Он, как всегда, был немногословен. Парень работал в области компьютерной анимации, встречался с подружкой, имел от нее ребенка.

– Фиш, ты не видел Денниса?

– Угу. Видел.

– Как он там?

– Ну, как? Говорит, что сердится на тебя.

– А он сказал почему?

– Да вроде бы деньги тебе давал, а ты не вернул.

Милгрим вздохнул.

– Да, это правда, но я не хотел его кидать. Через этого парня мне все и доставалось. Ты-то, наверное, в курсе?

В трубке послышался плач младенца.

– Ага. Только, знаешь, я бы тебе не советовал дразнить Денниса. Особенно сейчас. И в таком деле.

Судя по голосу, Фиша что-то тревожило, но явно не детские слезы.

– Ты что имеешь в виду?

– Ну, – протянул собеседник. – Та, другая дурь.

«Другая дурь» – это прозрачный метиламфетамин. И Милгрим, и Фиш воздерживались от этой дряни, с них было достаточно покоя и ясности мышления, приносимых бензодиазепинами. У прочей клиентуры Денниса метиламфетамин порождал возрастающую зависимость от болеутоляющих веществ.

– По-моему, он подсел, – произнес Фиш. – Завяз по уши. Ну, ты понимаешь.
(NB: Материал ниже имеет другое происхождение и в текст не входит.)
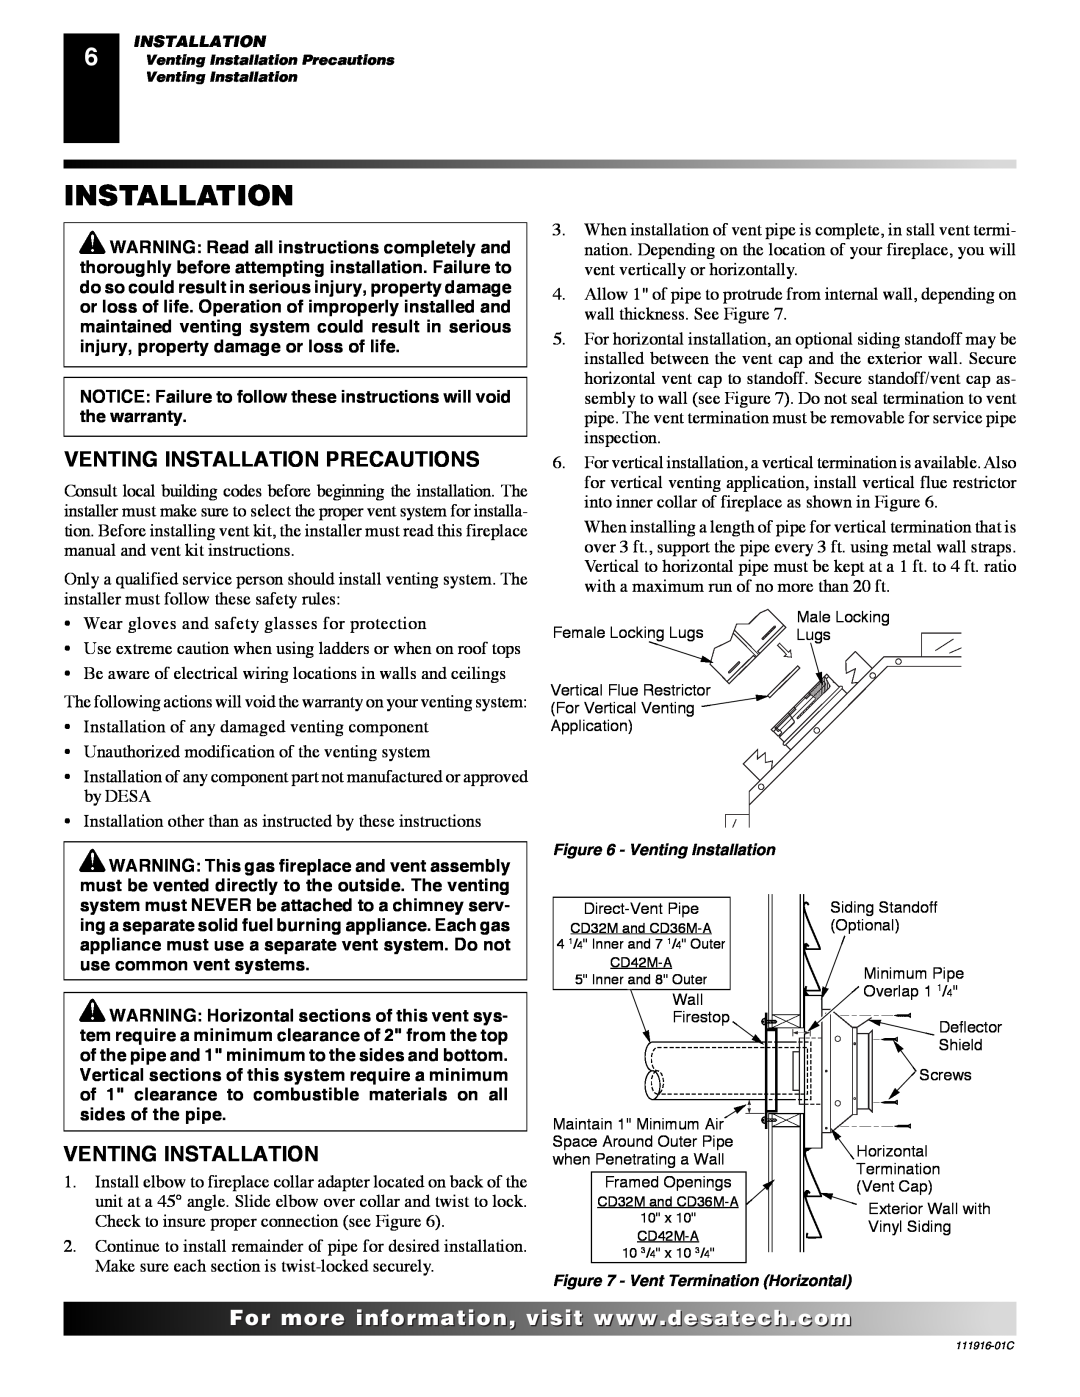 Desa CD32M (-1)(-2) installation manual Venting Installation Precautions

Милгрим изумленно поднял брови, обращаясь к фотографии башен-близнецов.

– Жалко.

– Ну, ты-то знаешь, какими они становятся.

– То есть?

– Свирепые параноики, – только и ответил Фиш.

Деннис когда-то учился в Нью-Йоркском университете. Милгрим легко представлял его себе рассерженным, но чтобы свирепым? Это уже чересчур.
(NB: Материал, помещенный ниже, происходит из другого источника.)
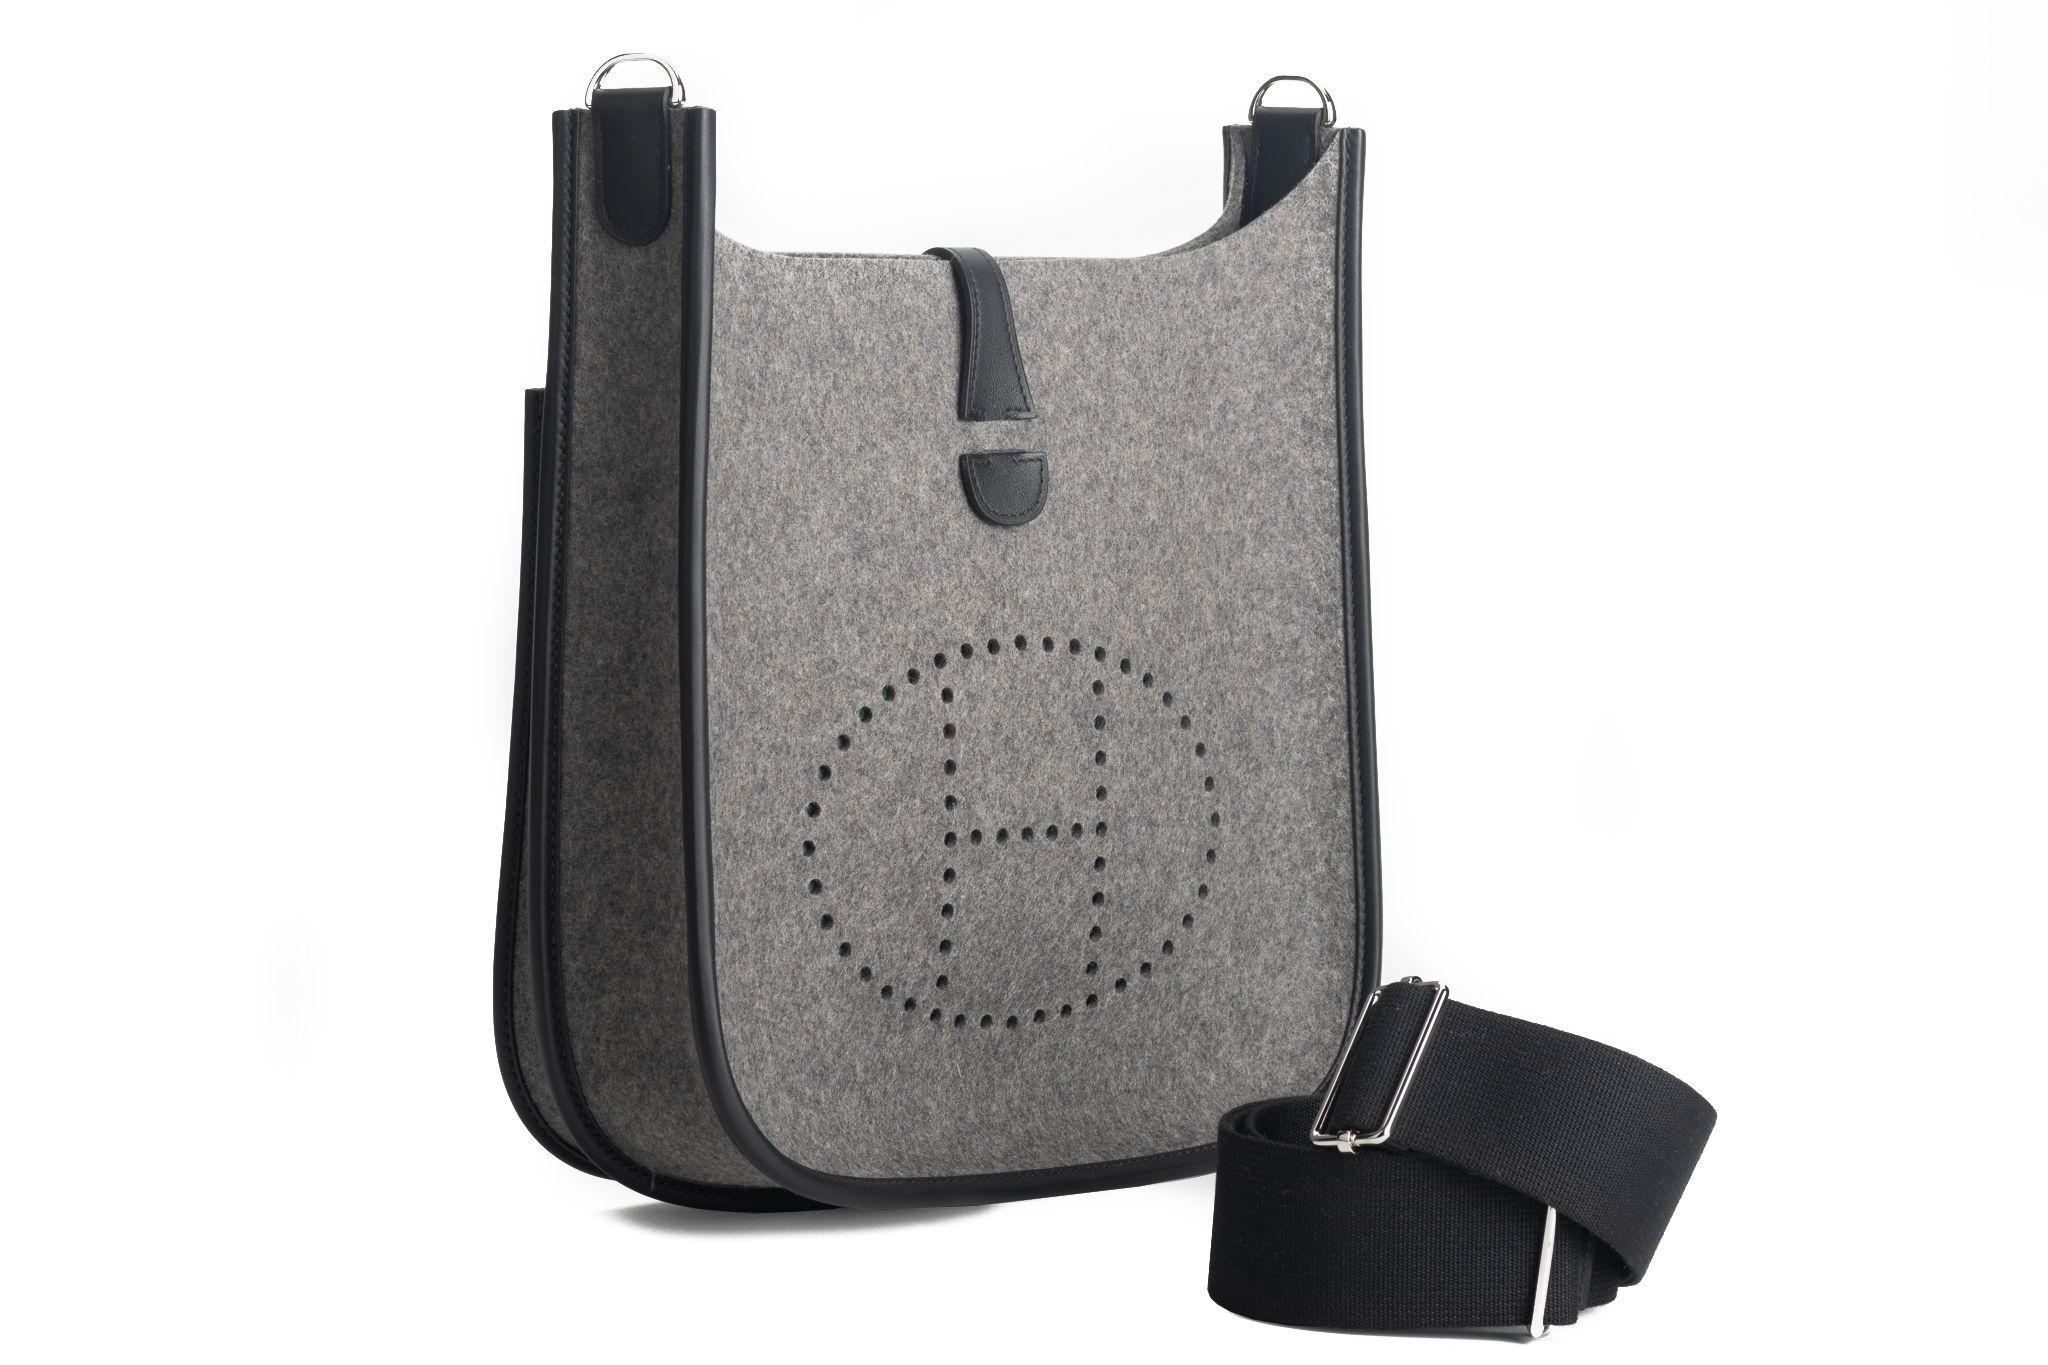 Hermès Evelyne bag in gray made of felt and with a black shoulder strap (23

– Он же собирает сувениры, посвященные «Звездным войнам», – сказал Милгрим. – Ночами напролет выискивает их в «и-Бэй».

Последовала пауза. Даже младенец Фиша притих, будто сверхъестественным чутьем уловил общее настроение.

– Он обещал нанять черных из Бруклина, – сообщил Фиш.

Ребенок завопил с новой силой.

– Вот дерьмо, – сказал Милгрим, обращаясь не столько к телефону, сколько к проржавевшей жестянке. – Сделай одно одолжение.

– А?

– Не рассказывай ему, что я звонил.

– Легко, – заверил Фиш.

– А я позвоню, если вдруг перепадет лишнее, – солгал Милгрим и нажал кнопку «конец разговора».

Выйдя из туалета, мужчина помог вернувшейся пуэрториканке сдвинуть красный диванчик, и пока удрученная девушка искала потерянный сотовый на полу, незаметно сунул трубку под истрепанный номер модного журнала «Ин тач» с Дженнифер Аннистон на обложке.

Когда пропажа нашлась, он стоял, прислонившись к сушилке, и как ни в чем не бывало читал про Уильяма Гоулдсмита.

 

Тульпа [83]

 

Кажется, та женщина у перекрестка везла за собой на буксире внутривенную капельницу, одной рукой помогая катиться своему инвалидному креслу, а другой придерживая хромированную стойку? Кажется, у нее не было ног? Впрочем, после встречи со скейтбордистом без нижней челюсти Холлис мало чему удивлялась.

– Значит, ваша компания находится здесь? – полюбопытствовала она, когда «майбах» повернул в переулок, по которому лучше всего было бы ехать на боевой пехотной машине «брэдли».

Миновав застывший яростный вал уличного граффити, похожий на фрактальную волну Хокусая, автомобиль нырнул под нависшие кольца колючей проволоки, увенчавшей сетчатые ворота.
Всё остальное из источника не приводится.